Since printing tibble already gives you information about the data structure, the data types of each column and the size of the dataset, the str function is not as much useful as it was when using data.frame.

#> Classes 'spec_tbl_df', 'tbl_df', 'tbl' and 'data.frame': 34786 obs. of  13 variables:
#>  $ record_id      : num  1 72 224 266 349 363 435 506 588 661 ...
#>  $ month          : num  7 8 9 10 11 11 12 1 2 3 ...
#>  $ day            : num  16 19 13 16 12 12 10 8 18 11 ...
#>  $ year           : num  1977 1977 1977 1977 1977 ...
#>  $ plot_id        : num  2 2 2 2 2 2 2 2 2 2 ...
#>  $ species_id     : chr  "NL" "NL" "NL" "NL" ...
#>  $ sex            : chr  "M" "M" NA NA ...
#>  $ hindfoot_length: num  32 31 NA NA NA NA NA NA NA NA ...
#>  $ weight         : num  NA NA NA NA NA NA NA NA 218 NA ...
#>  $ genus          : chr  "Neotoma" "Neotoma" "Neotoma" "Neotoma" ...
#>  $ species        : chr  "albigula" "albigula" "albigula" "albigula" ...
#>  $ taxa           : chr  "Rodent" "Rodent" "Rodent" "Rodent" ...
#>  $ plot_type      : chr  "Control" "Control" "Control" "Control" ...
#>  - attr(*, "spec")=
#>   .. cols(
#>   ..   record_id = col_double(),
#>   ..   month = col_double(),
#>   ..   day = col_double(),
#>   ..   year = col_double(),
#>   ..   plot_id = col_double(),
#>   ..   species_id = col_character(),
#>   ..   sex = col_character(),
#>   ..   hindfoot_length = col_double(),
#>   ..   weight = col_double(),
#>   ..   genus = col_character(),
#>   ..   species = col_character(),
#>   ..   taxa = col_character(),
#>   ..   plot_type = col_character()
#>   .. )

Notice that rather than specifing tibble as the data structure of surveys, the first line of str’s output now specifies ‘spec_tbl_df’, ‘tbl_df’, ‘tbl’ and 'data.frame' which can be a bit confusing. These are the classes tibble inherts from which in simple terms means that tibble is a data.frame with a few modifications.

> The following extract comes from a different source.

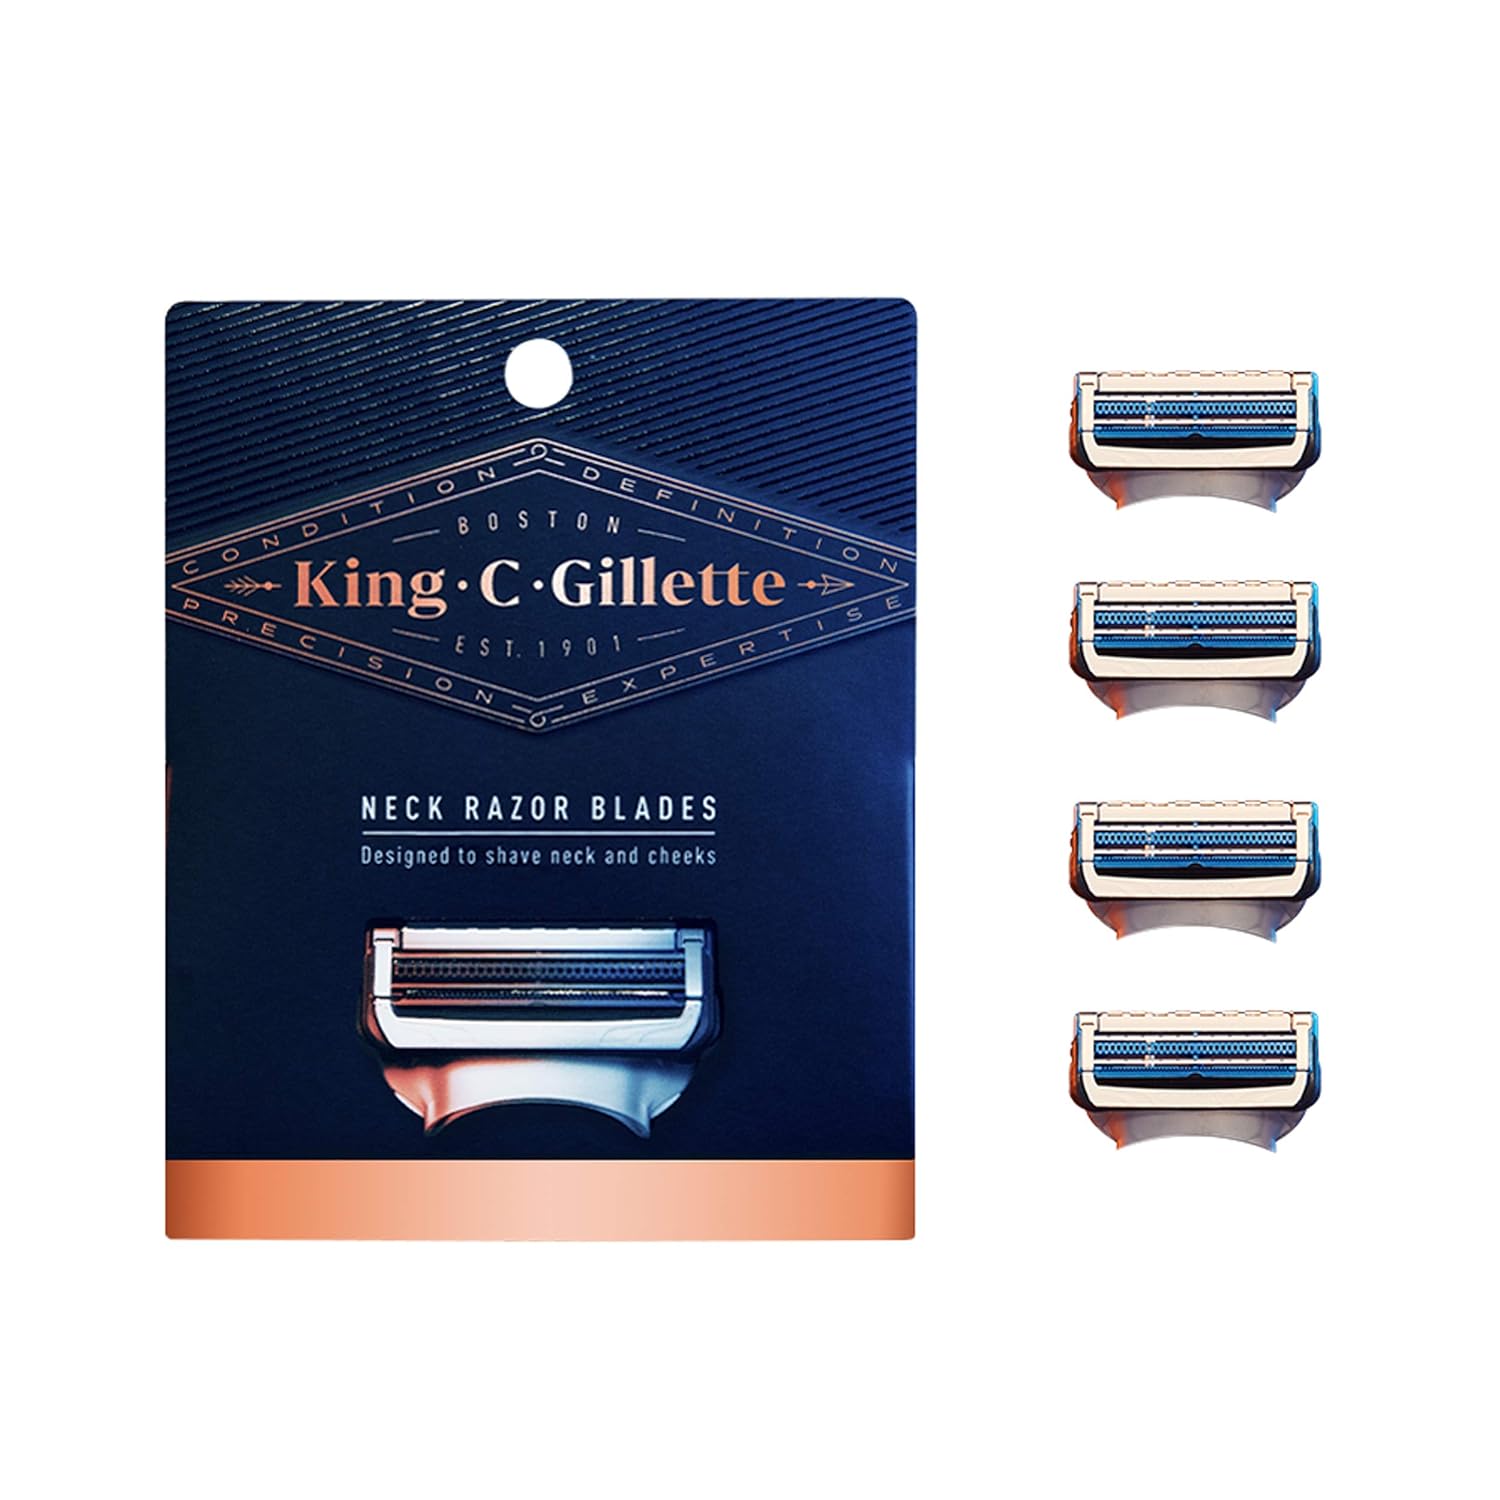 King C. Gillette Neck Razor Blades, 4 Count

Therefore, most of the functions that were used with data.frame can also be used with tibble.


Visualising data in R

After inspecting the surveys dataset in R, the data looks tidy and we are happy with its format, so let us start understanding better our data by visualising it. ggplot2 is the visualisation package in tidyverse and we will be using this to create some plots. ggplot2 is a very popular package used for plotting mainly due to its simple way to create plots from tabular data.

To create a plot, we will use the following basic template.

ggplot(data = <DATA>, mapping = aes(<MAPPINGS>)) +  <GEOM_FUNCTION>()

As you can see there are 3 main elements that you need to create a plot:

The ggplot function takes 2 arguments:

  • data: This is the data frame to attach to the plot. The data frame must contain the variables to plot as columns and the rows must contain the observations that you need to plot.
  • mapping: Aesthetic mappings describe how variables in the data are mapped to visual properties of the plot.

Using the ggplot function on its own will not plot anything. We need to add a geom_function as a layer. Layers are added to plots by using +. They are added on top of the other previous layers that might be present.

  • geom_function: This specifies the type of plot would you like to plot. The greatest advantage of this is that you can easily change the plot type by just changing the geom_function and keeping everything else the same. You can see a whole list of plots that you can plot here.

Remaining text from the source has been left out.